Re:Popularity contests... (1)

Anonymous Coward | more than 3 years ago | (#34671622)

...are so public school.

FTFY

Re:Popularity contests... (0)

Anonymous Coward | more than 3 years ago | (#34674786)

because of the sickening celebrity adoration culture

Re: (1)

clint999 (1277046) | more than 3 years ago | (#34670154)

From the charts, they range from -0.04 to +0.10 for the classifications given. Now I'm no statistician, but those ranges of values don't seem to be much more than a slight tendency. They certainly don't seem to me to be "dead cert" formulae for getting more comments or likes.

Keywords (1)

UDChris (242204) | more than 3 years ago | (#34670448)

What I'm seeing is that using certain keywords will attract people to your site. What a discovery! If only someone had figured this out a decade ago we could have, I don't know, some sort of "engines" to help us with our searches for stuff that interest us.

I wonder what else FB is analyzing and sharing... (0)

Anonymous Coward | more than 3 years ago | (#34670612)

Interesting analysis in the website article.

It goes without saying that if they're busy analyzing these trends that FB most definitely performs other complex analysis and likely shares that with other entities. They are in the business of information analysis, just like Google.

Re:I wonder what else FB is analyzing and sharing. (1)

UDChris (242204) | more than 3 years ago | (#34670888)
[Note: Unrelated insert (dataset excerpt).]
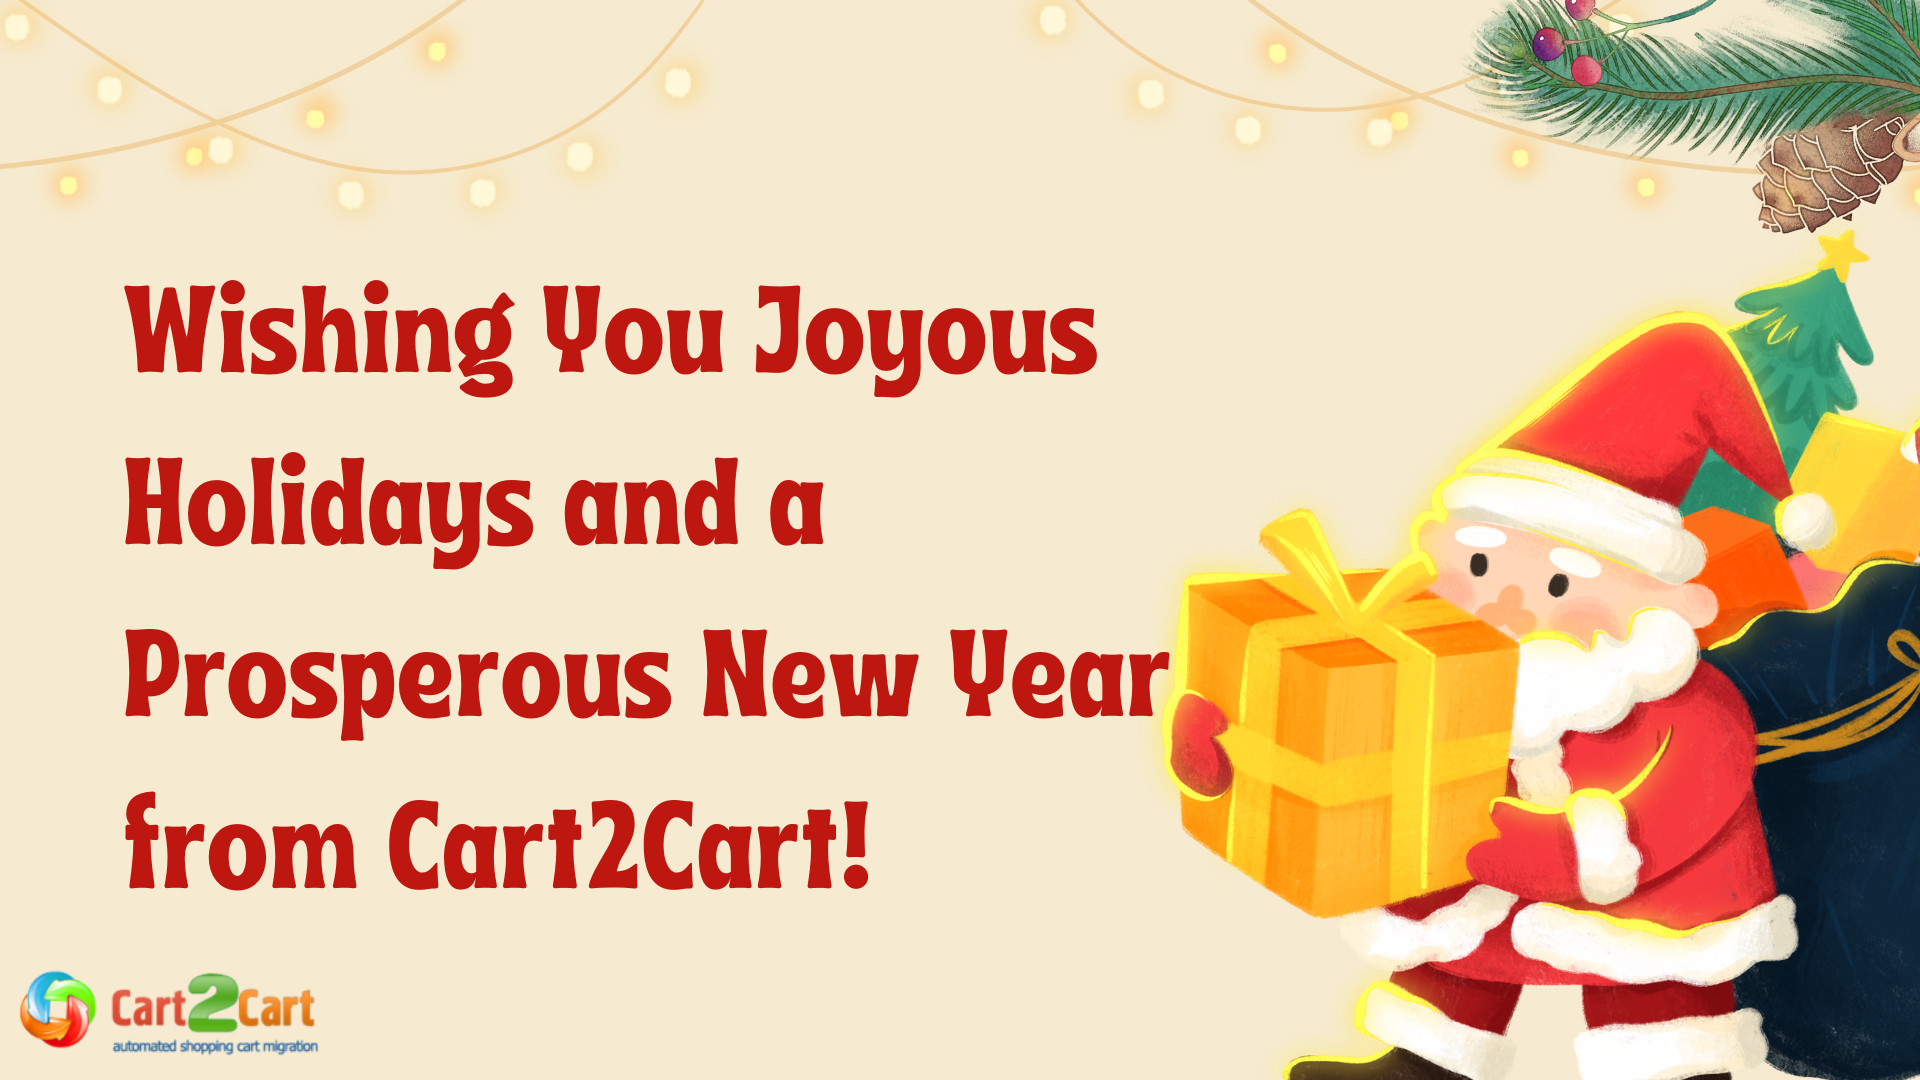 Wishing You Joyous Holidays and a Prosperous New Year from Cart2Cart!

...FB most definitely performs other complex analysis and likely shares that with other entities.

You mean entites like those that provide the targeted ads in the right column? Again, not new, and really not news...

...Fox News... (0)

Anonymous Coward | more than 3 years ago | (#34672470)

When are you pussies going to stop whining and crying about Fox News? "Waa waa it's negative." ALL news is negative you sissy fucking tools. But when your party is an even bigger joke than the party of the "rich white man", you have to attack your Fox News boogie man.

Don't talk about Time? (0)

Anonymous Coward | more than 3 years ago | (#34674360)

crap, there goes my dissertation *sigh*

Is FB the Antichrist? (1)

UBfusion (1303959) | more than 3 years ago | (#34675120)

"don't talk about your family": subconscious rule to suppress the guilt both FB posters and readers might experience due to the fact that spending time on FB is by definition cheating (== stealing time from your family). Somehow I sense a similarity of this rule with the Mickey Mouse universe, where parents don't exist (only uncles, aunts, nieces and cousins).

"don't refer to time": subconscious rule strongly related to the previous one (spare time should be spent with the family) and also used to suppress the guilt caused by procrastination (instead of working or taking care of pressing errands, they got stuck in FB).

Mine is a psychoanalytic approach. My guess is that eventually somebody will come up with a religious interpretation of the results, demonstrating that these FB commandments are the inverse of the biblical Ten Commandments and therefore FB is the Antichrist.